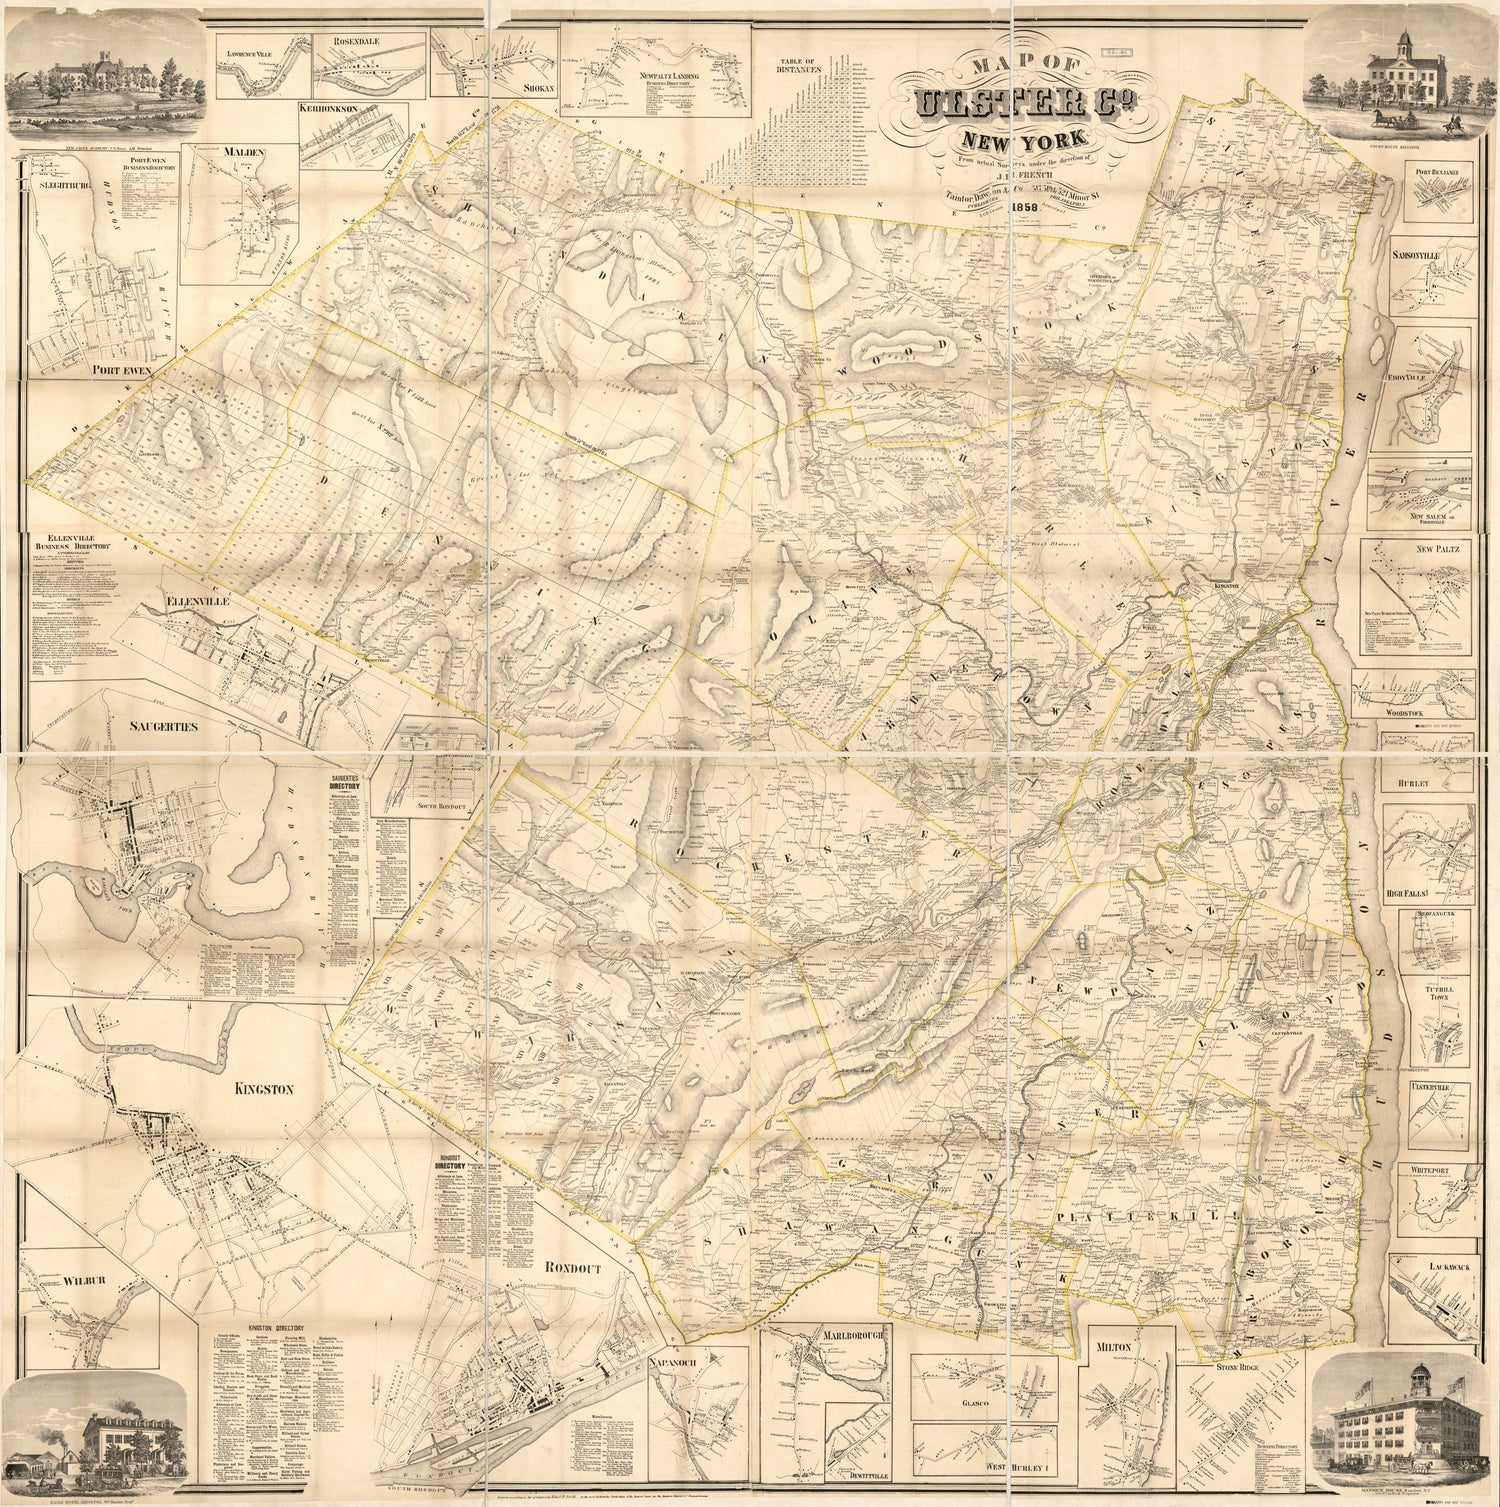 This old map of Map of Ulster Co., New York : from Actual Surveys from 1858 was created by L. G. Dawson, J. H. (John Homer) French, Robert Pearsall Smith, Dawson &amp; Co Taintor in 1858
_ _ _ _ _ _ _
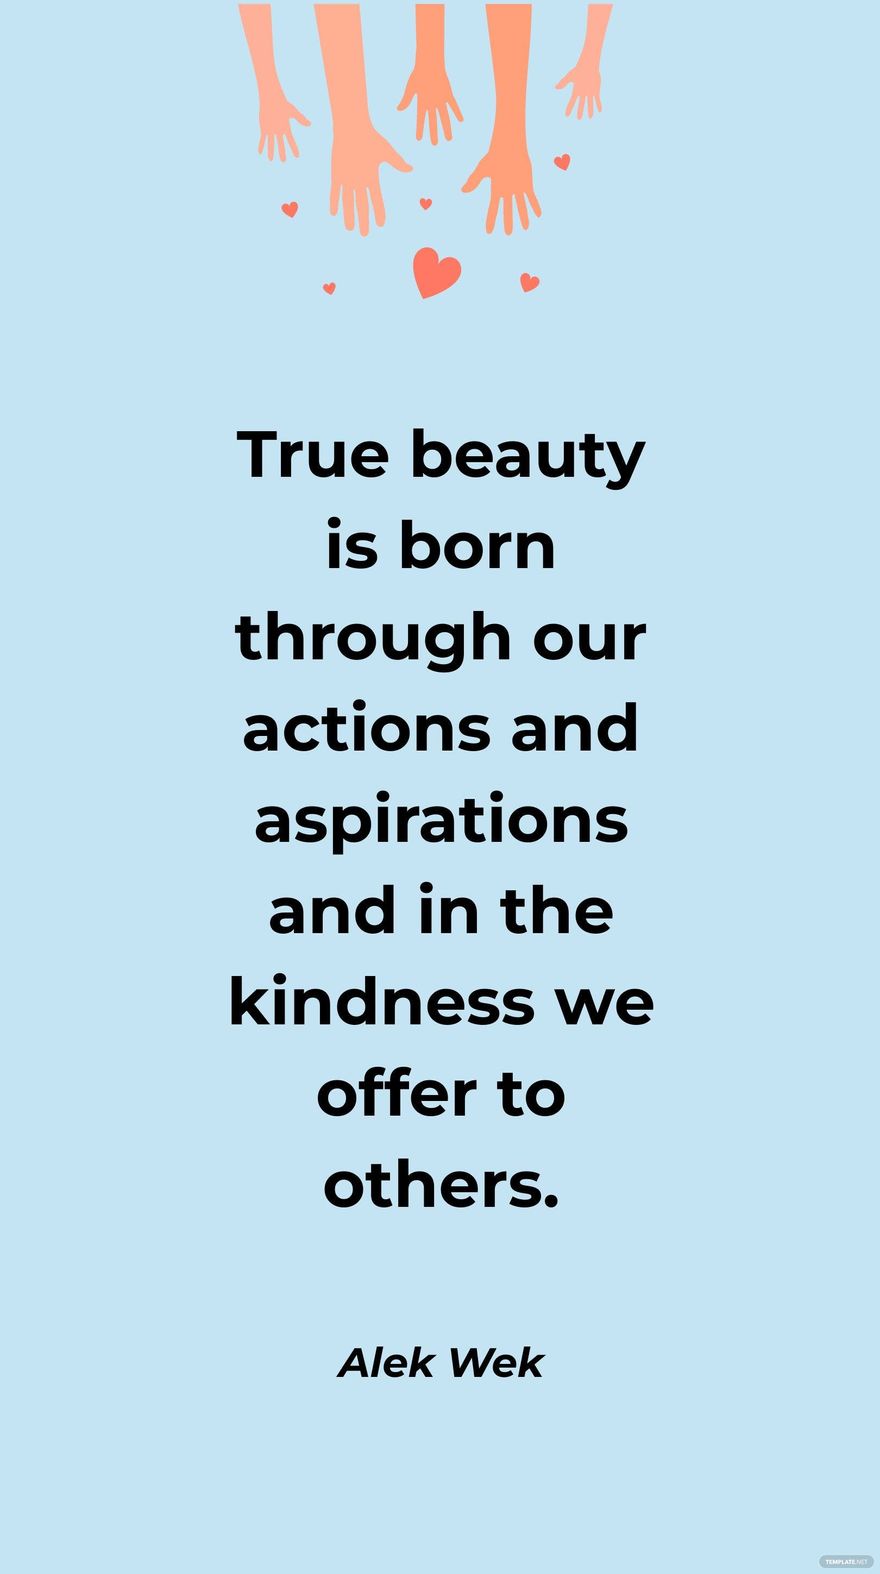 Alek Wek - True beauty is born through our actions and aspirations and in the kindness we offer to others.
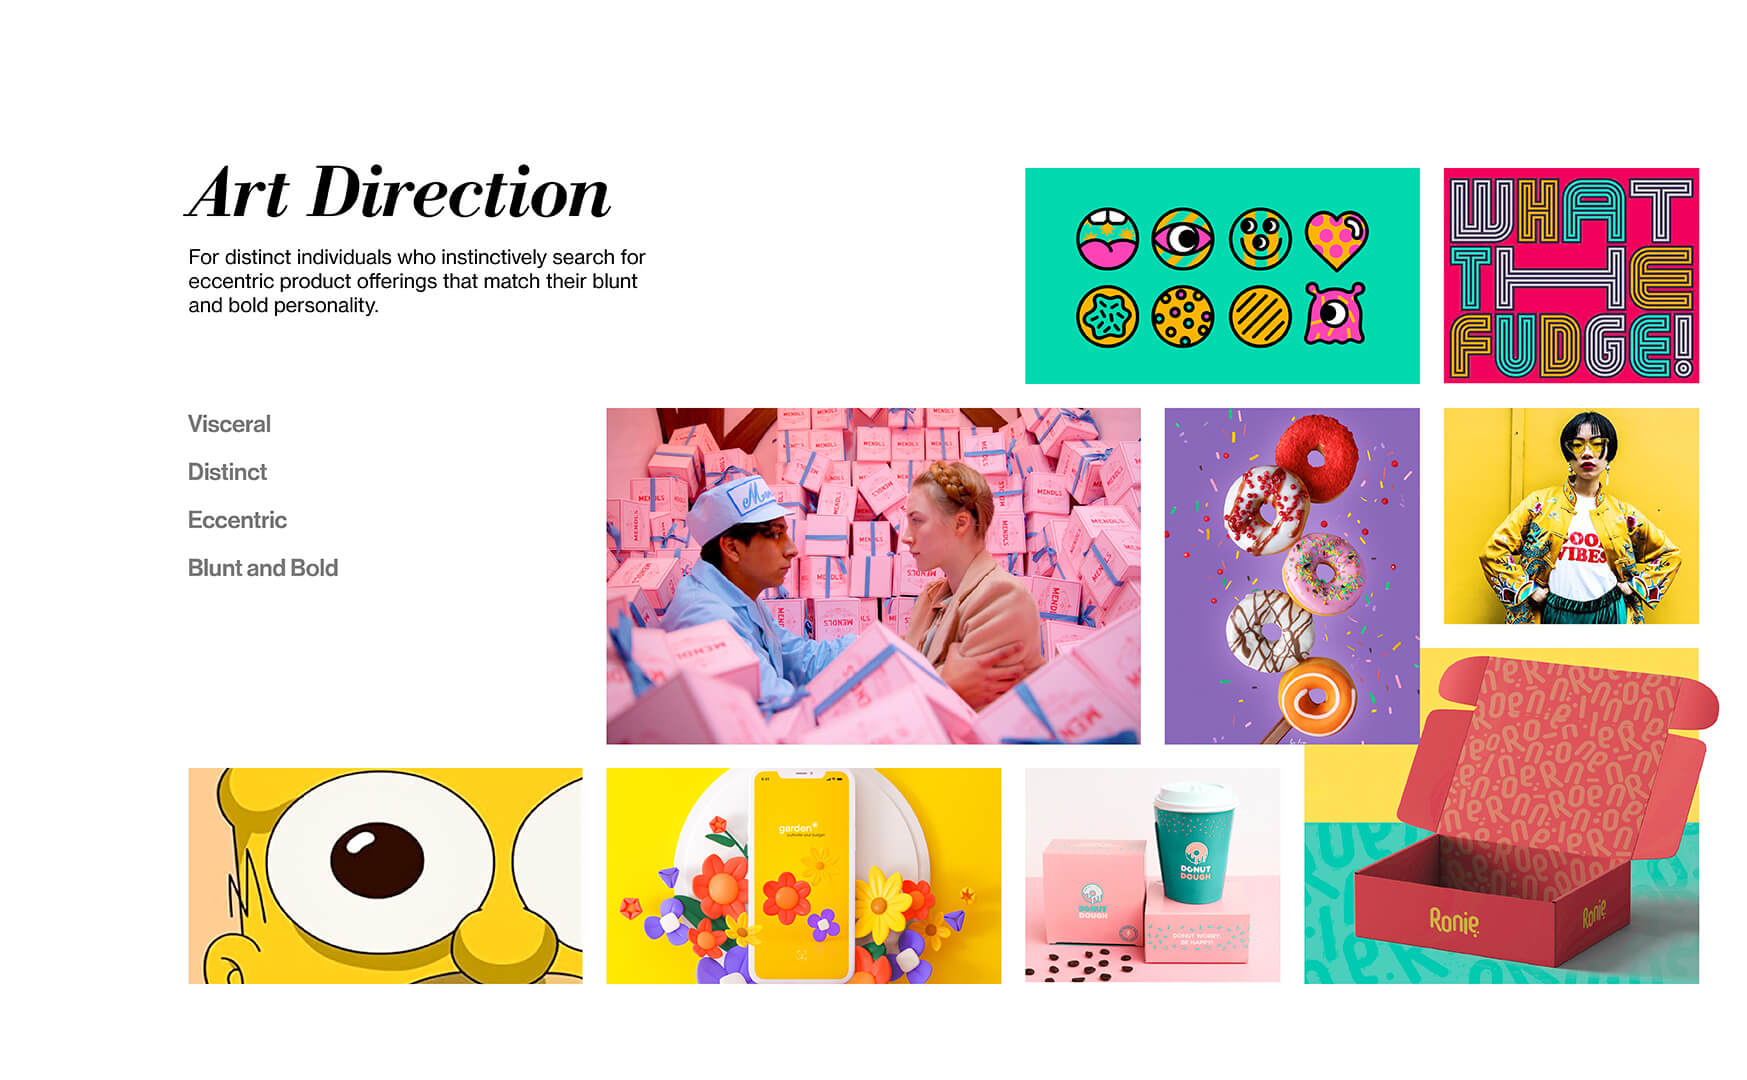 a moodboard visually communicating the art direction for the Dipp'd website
_ _ _ _ _ _ _
* What to work on *
Please return the material above only from the line that holds "Alek Wek - True" through the line that holds "a moodboard visually", exactly as it stands, ends included and pictures omitted.

* Task result *
 Alek Wek - True beauty is born through our actions and aspirations and in the kindness we offer to others.
 a moodboard visually communicating the art direction for the Dipp'd website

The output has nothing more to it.